-------- Dataset extract
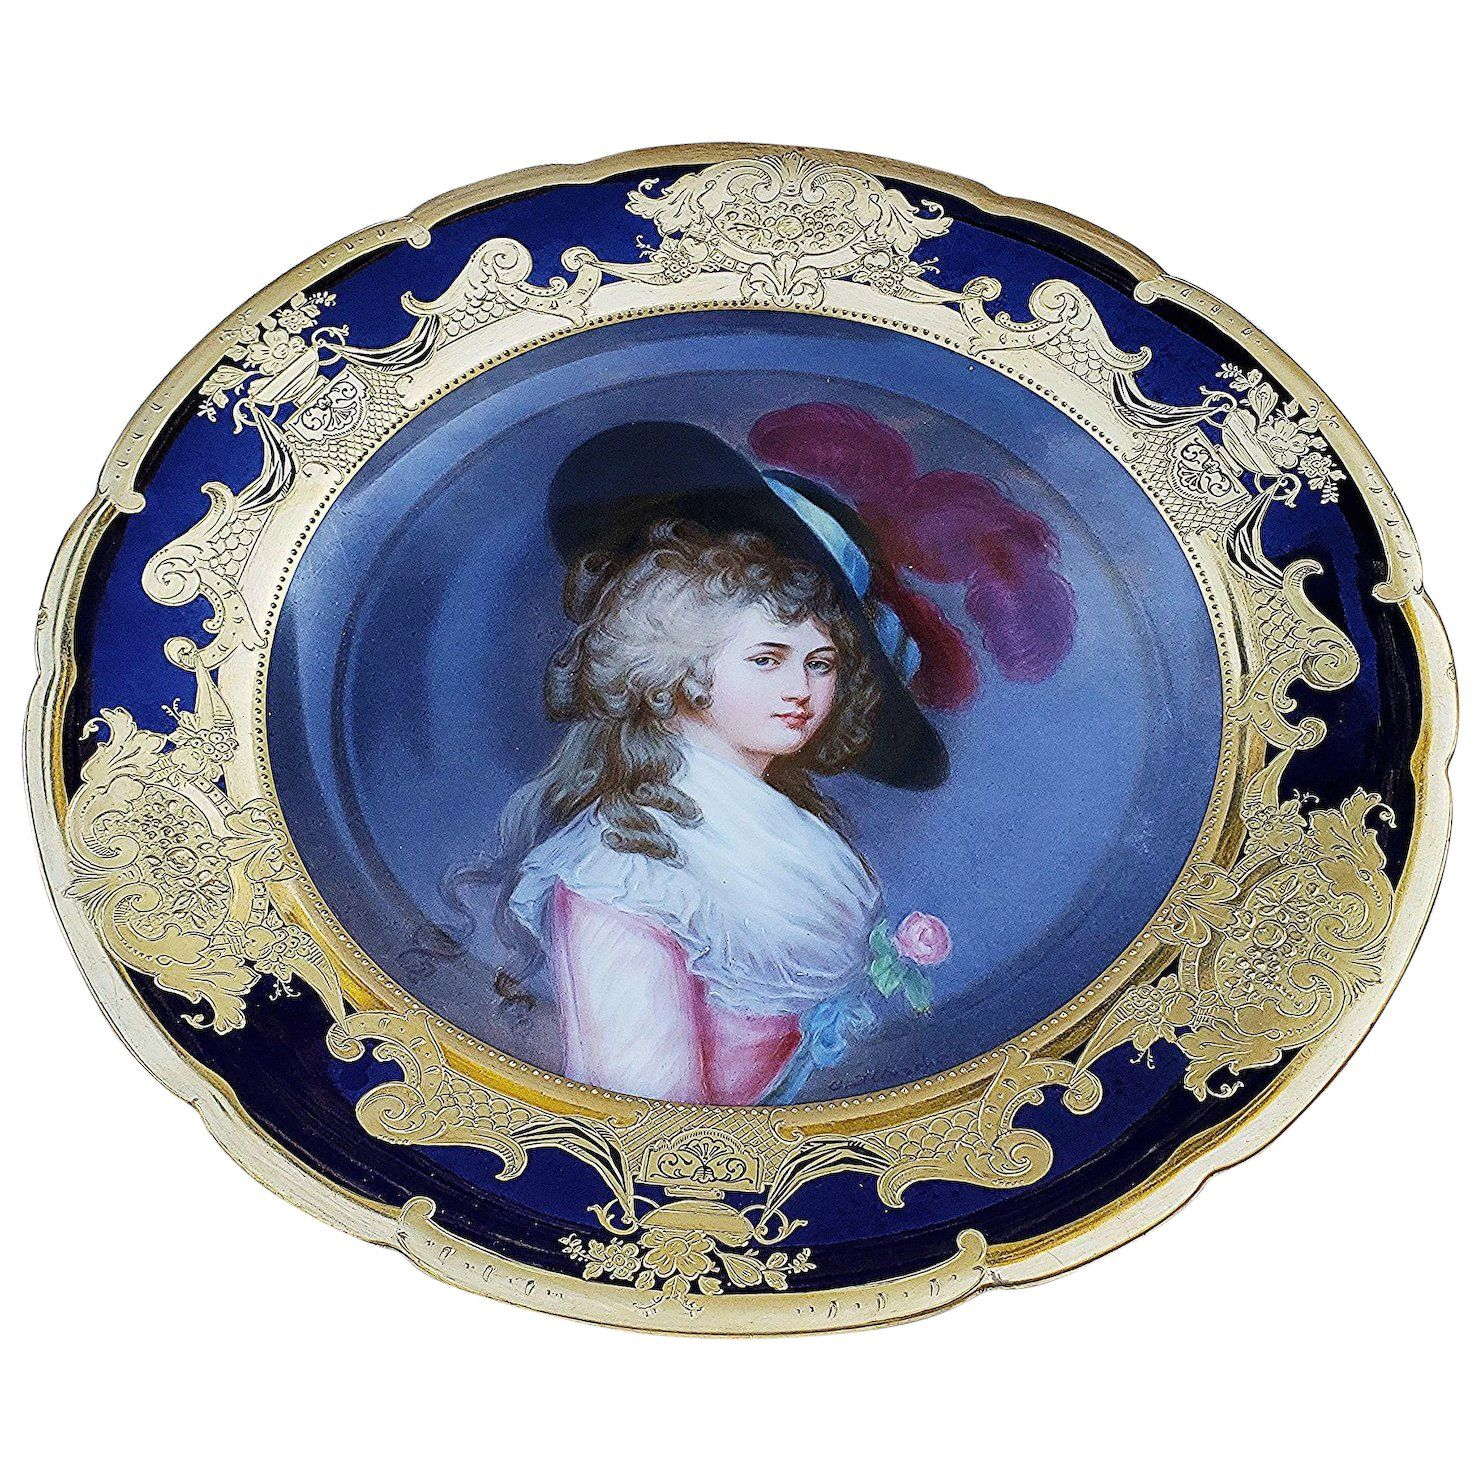 Lovely Lady Portrait Pitcher Lady Portrait Creamer Bavaria Portrait Plate Sweet Cream Pitcher Germany
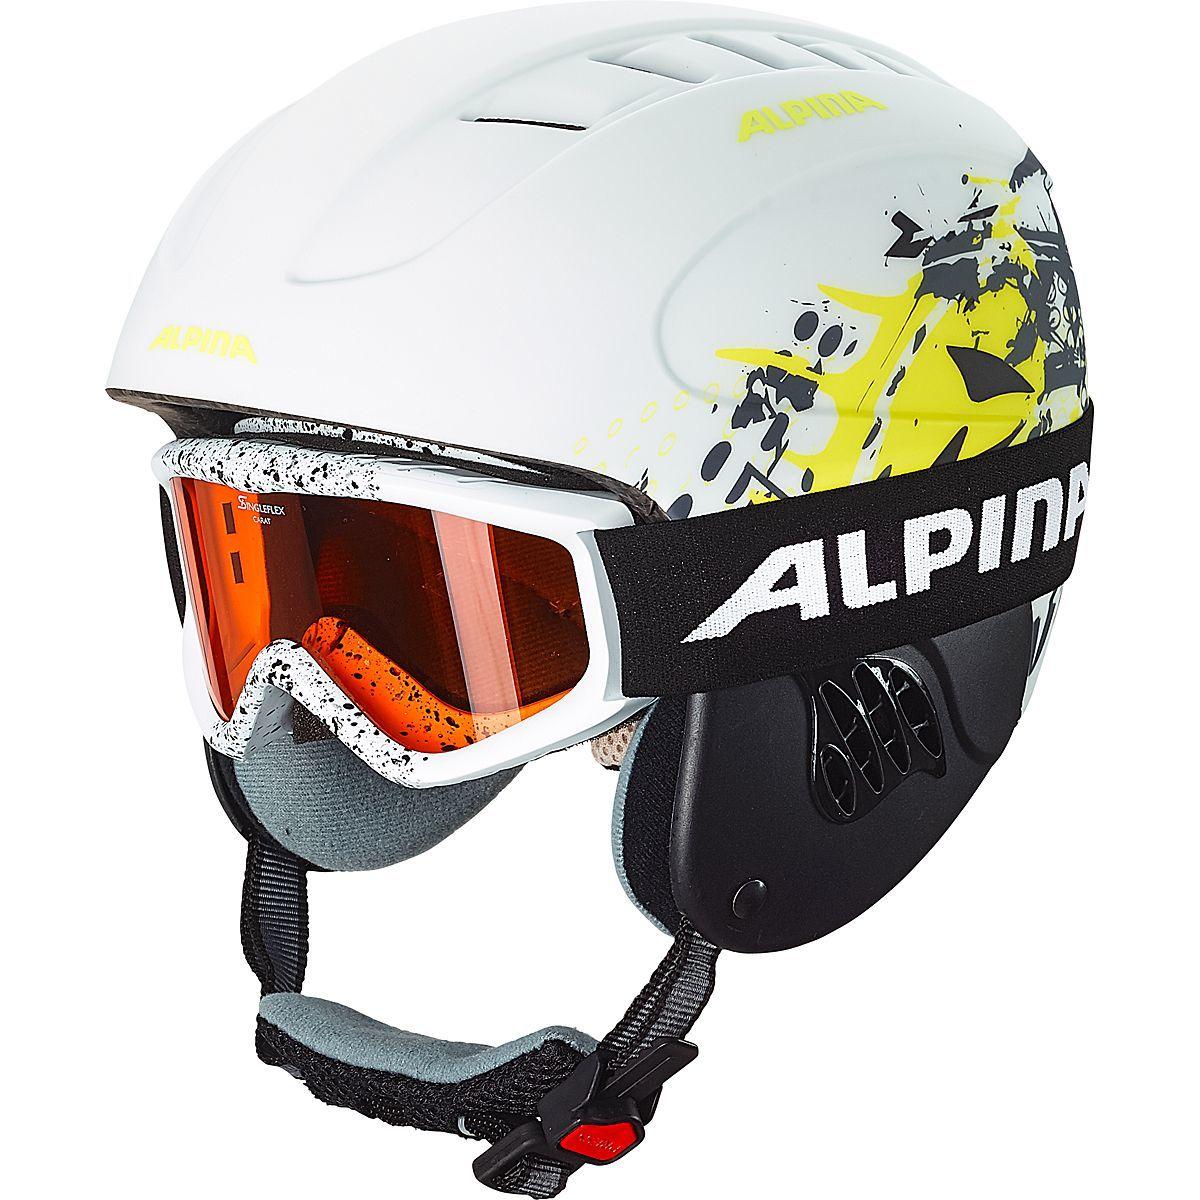 "Alpina™ - Kinder Skihelm ""Carat LE"" (Weiß,Größe 48-52cm) ab €14,37 [@Karstadt.de]"
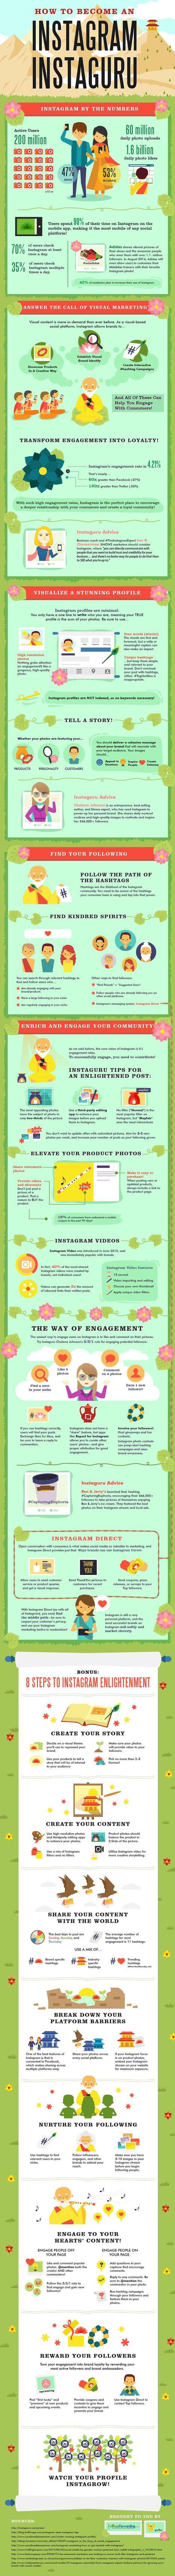 How To Become An Instagram Guru [Infographic] | Marketing with Instagram | Scoop.it
----------------
▸ **About this task**: Reprint all the data above verbatim, excluding pictures.

▸ **Result for this task**:
 Lovely Lady Portrait Pitcher Lady Portrait Creamer Bavaria Portrait Plate Sweet Cream Pitcher Germany
 "Alpina™ - Kinder Skihelm ""Carat LE"" (Weiß,Größe 48-52cm) ab €14,37 [@Karstadt.de]"
 How To Become An Instagram Guru [Infographic] | Marketing with Instagram | Scoop.it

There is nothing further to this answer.